Uber is a data-driven company that heavily relies on offline and online analytics for decision-making. As Uber’s data grows exponentially every year, it’s crucial to process this data very efficiently and with minimum cost. Over the years, Apache Spark™ has become the primary compute engine at Uber to satisfy such data needs. Spark empowers many business-critical use cases at Uber with its unique features, including Uber rides, Uber Eats, autonomous vehicles, ETAs, Maps, and many more. Spark is the primary engine for data warehousing, data science, and AI/ML. In the last few years, Uber’s Spark usage has grown exponentially year over year, running on more than 10,000 nodes in production. Spark jobs now account for more than 95% of analytics cluster compute resources which process hundreds of petabytes of data every day.
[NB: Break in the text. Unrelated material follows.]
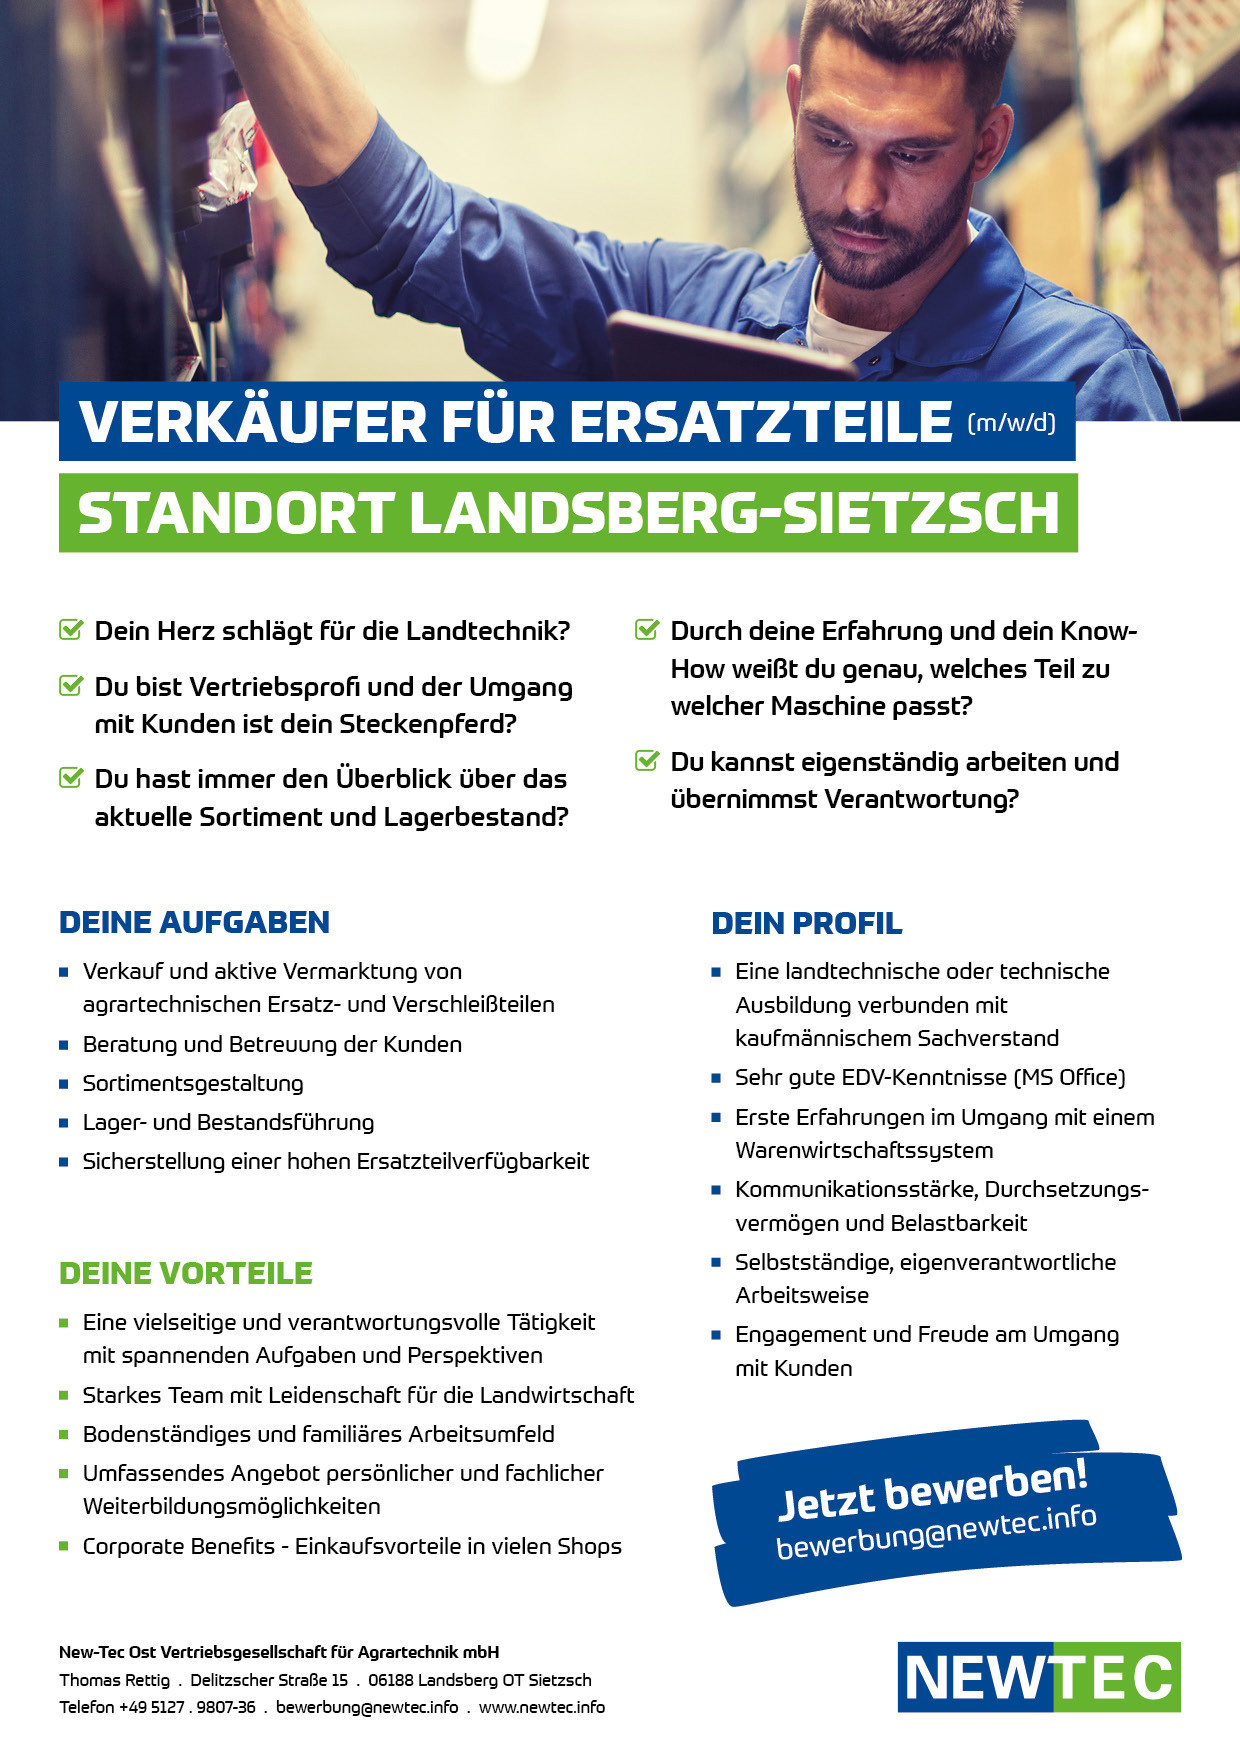 NEWTEC_Stellenanzeige_Verkaeufer-fuer-Ersatzteile_Landsberg-Sietzsch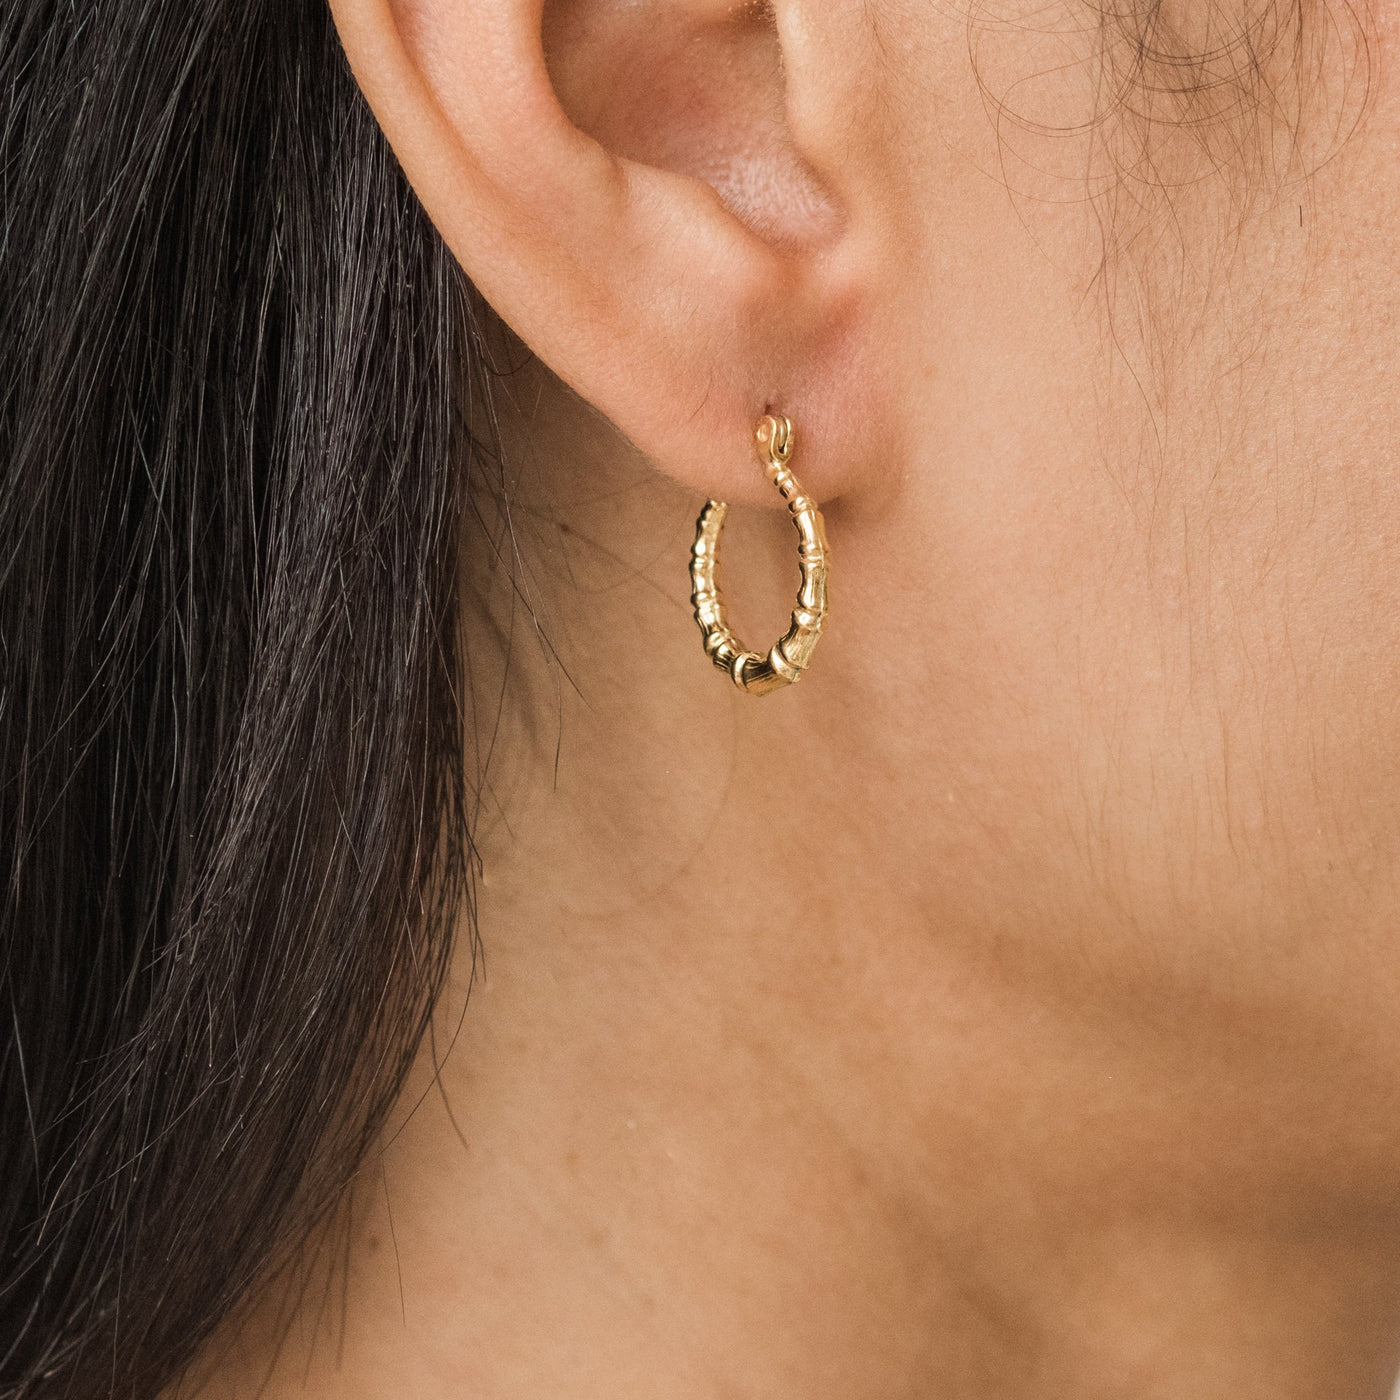 Tiny Bamboo Hoop Earrings | Simple & Dainty Jewelry

Although Apache Spark has many benefits that contribute to its popularity at Uber and in the industry, we’ve still experienced several challenges in operating Spark at our scale. A Spark job consists of multiple stages in the current architecture, and shuffle is a well-known methodology to transfer the data between two stages. As outlined in our Spark + AI Summit 2020 talk, currently, shuffle is being done locally in each machine, which poses reliability and stability issues, and other challenges such as hardware stability, compute resource management, and user productivity. We will focus on Spark shuffle scalability challenges in this blog post. We propose a new Remote Shuffle Service, codenamed RSS, which will move the shuffle from local to remote machines. RSS will force all local disk writes to a remote shuffle cluster, allowing us to be more efficient in computing data in base machines and removing the hard dependency of having persistent disk on compute machines. RSS will help us move to Cloud more efficiently and, most importantly, make Data Batch and microservices colocation on the same machines much more effortless.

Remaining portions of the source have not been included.